Elle s’arrêta au milieu du juron qui ponctuait cette phrase. La colère la suffoquait déjà. Le chapelain dit précipitamment:
– Votre Altesse royale ne m’a pas compris. En deux mots, j’ai fait partager mes scrupules à monseigneur, et il consent à vous épouser selon la loi ordinaire de l’Église.
– Et à la mairie aussi? balbutia la Goret émue jusqu’au transport.
– Et à la mairie aussi, répéta le chapelain.
Ceci était une modification au premier plan des Habits Noirs qui s’étaient aperçus bien vite des difficultés présentées par la vente simultanée d’une si grande masse de propriétés. Renonçant à l’idée impossible de se faire livrer, de la main à la main, les biens de la Goret, ils avaient résolu d’obtenir le même résultat à l’aide d’un contrat de mariage contenant donation mutuelle et entière au dernier vivant des deux époux.
Pour cela, il fallait un mariage civil, et, en définitive, l’héritier de tant de rois s’appelant de son vrai nom Louis-Joseph-Nicolas, rien n’empêchait de faire de la Goret une Mme Nicolas devant la municipalité.
Elle était, Dieu merci, toute portée à regarder ce nom comme un leurre jeté à la police de son compétiteur, Louis-Philippe, soi-disant roi des Français.
On ne pouvait pas, évidemment, sans risquer l’exil et peut-être la mort, inscrire sur un registre de mairie cette redoutable mention: «Louis-Joseph de Bourbon, fils du Dauphin de France.» Il y a des choses qui sautent aux yeux.
Quant à la formule de donation au dernier vivant des deux époux, nous allons voir tout à l’heure comment les Habits Noirs l’entendaient. C’était le côté fort de la combinaison.
Comme ces admirables mécaniques qui non seulement marchent toutes seules, mais encore se règlent, se chauffent, se dirigent et se corrigent d’elles-mêmes, la combinaison inventée par le colonel (c’était sa dernière affaire) tuait la Goret, ouvrait sa succession et payait la loi du même temps.
Les Américains n’ont rien fait de mieux depuis lors.
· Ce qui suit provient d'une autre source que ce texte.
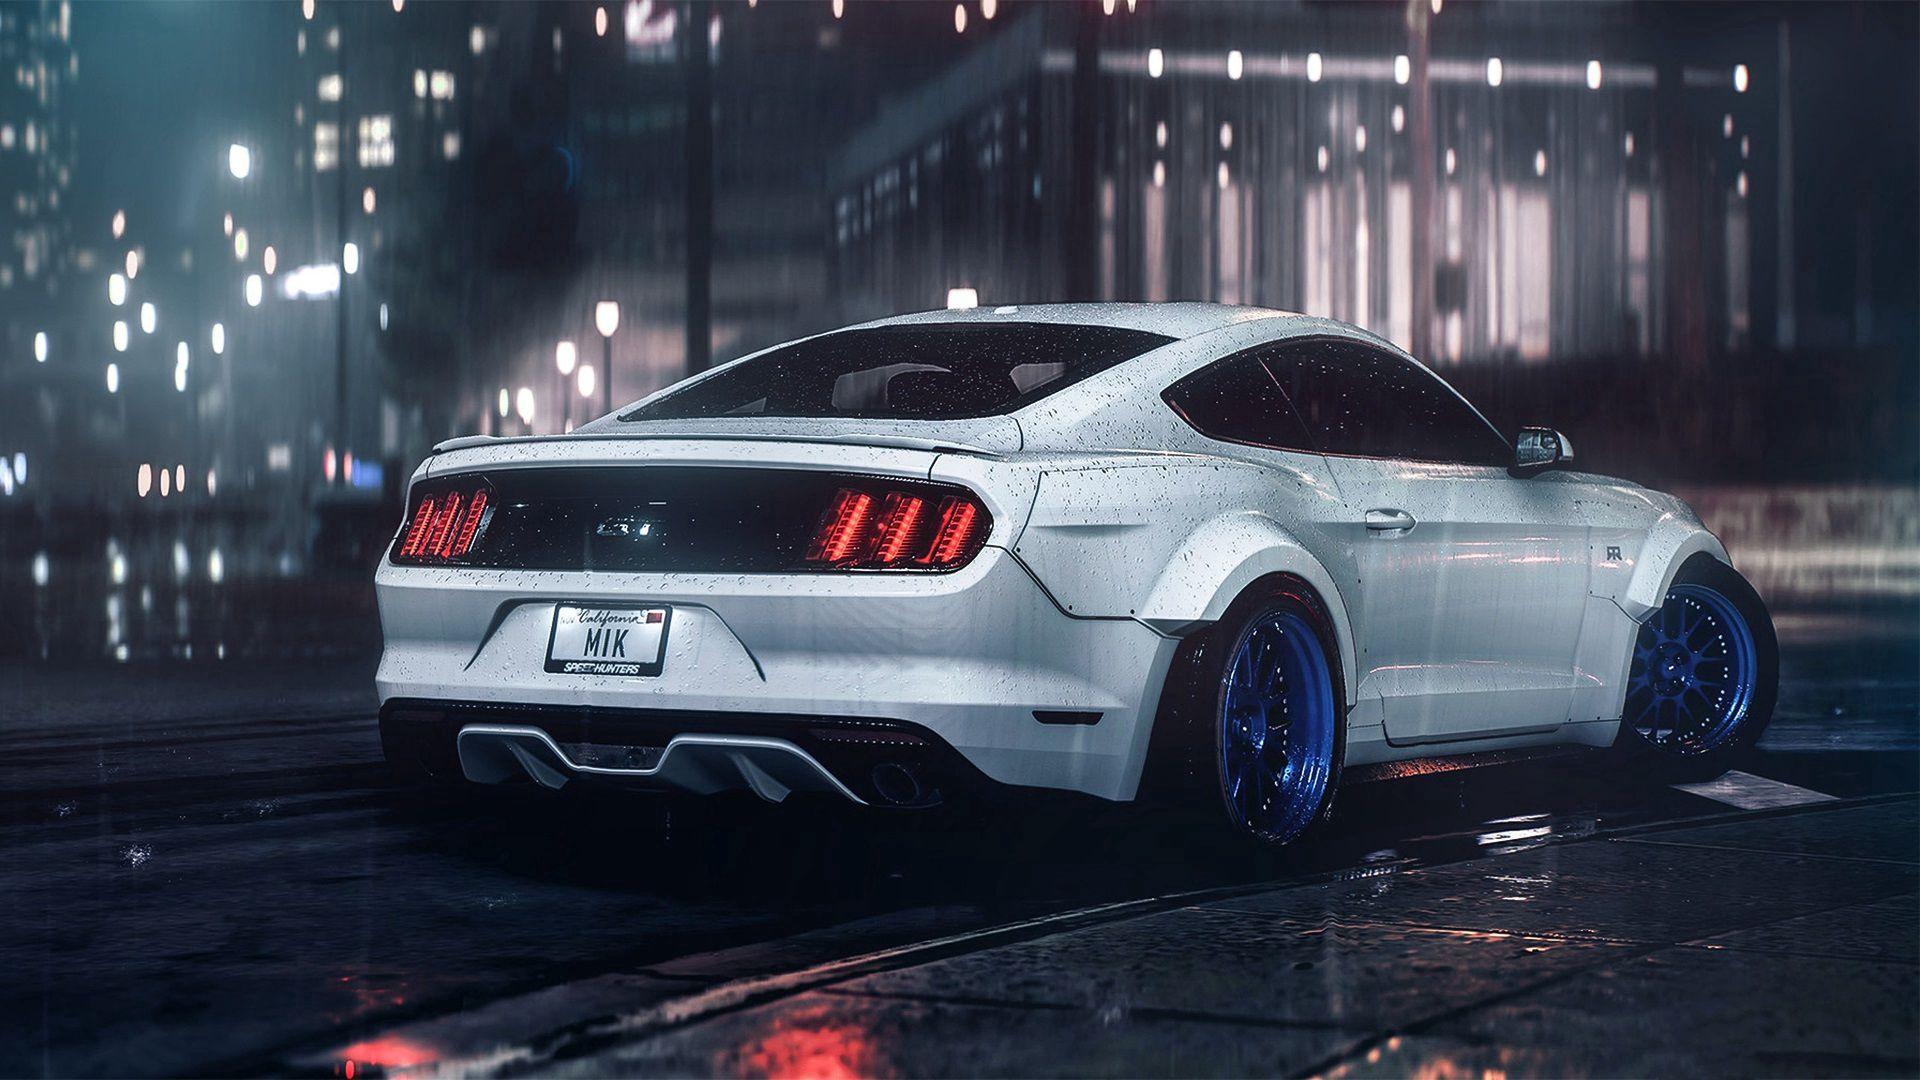 103686 Hintergrundbild herunterladen Ford, Mustang, Cars, Gt, 2016, Rtr - Bildschirmschoner und Bilder kostenlos
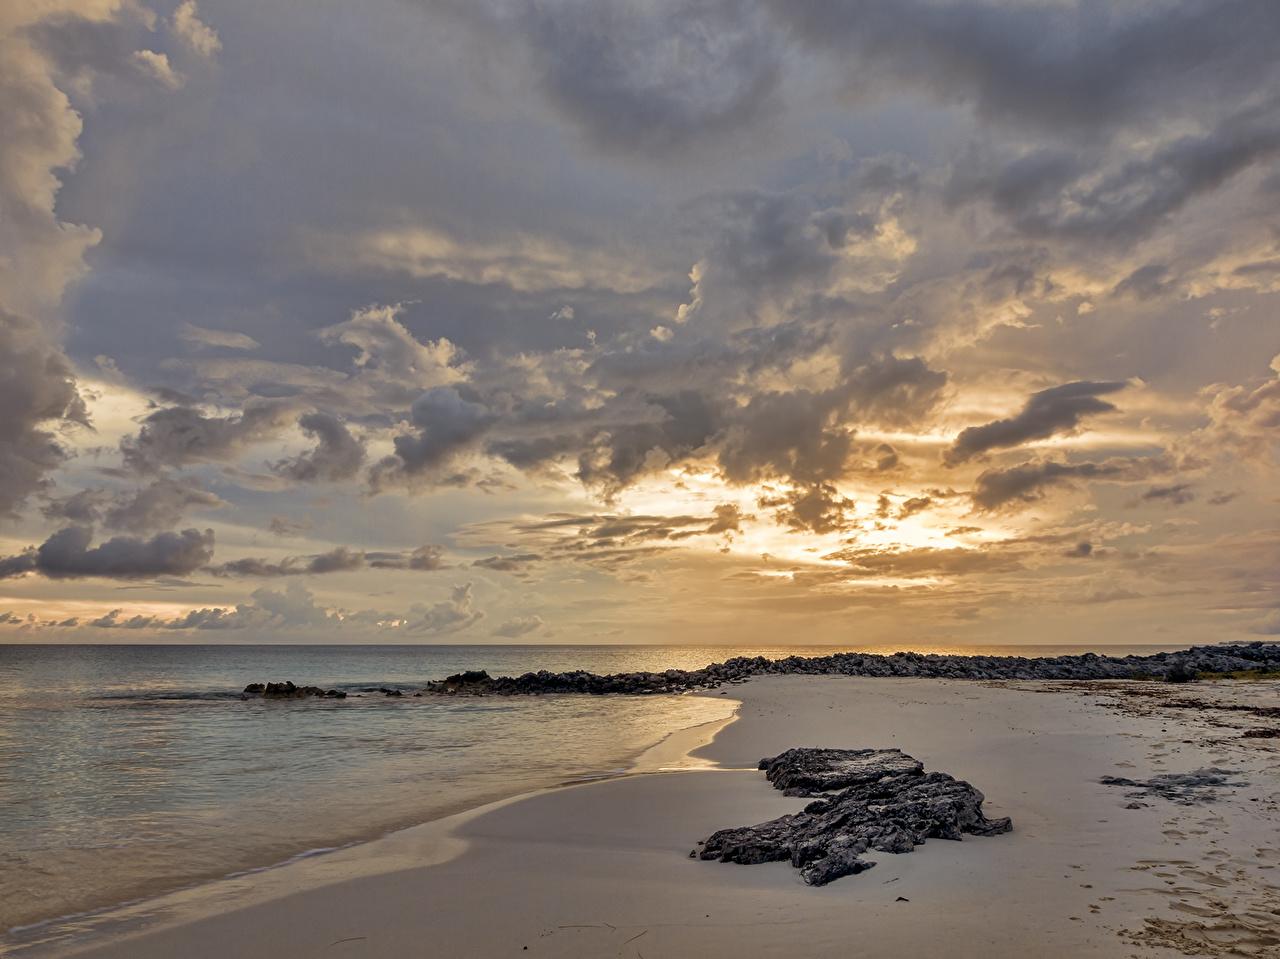 Tapeta Plaże Morze przyroda Niebo Wybrzeże Chmury plaża Natura

Pour le coup, Mathurine fut contente.
– Fanfan, dit-elle à l’abbé, je te permets de baiser la main de Mon Altesse royale. Les deux mains si tu veux, tu es une bonne bête, sais-tu? Pas de bon Dieu! Je ne disais rien pour ne pas vexer monseigneur qu’a bien déjà assez de cailloux dans ses chaussettes, mais ça me chiffonnait, ce mariage mor… morga… morga quoi, Fanfan? Enfin, n’importe! J’aime mieux être princesse que duchesse, pas vrai? Le grade est plus calé. Verse un peu à boire, bel homme. Je suis bien aise, sacredienne! À la santé de la compagnie!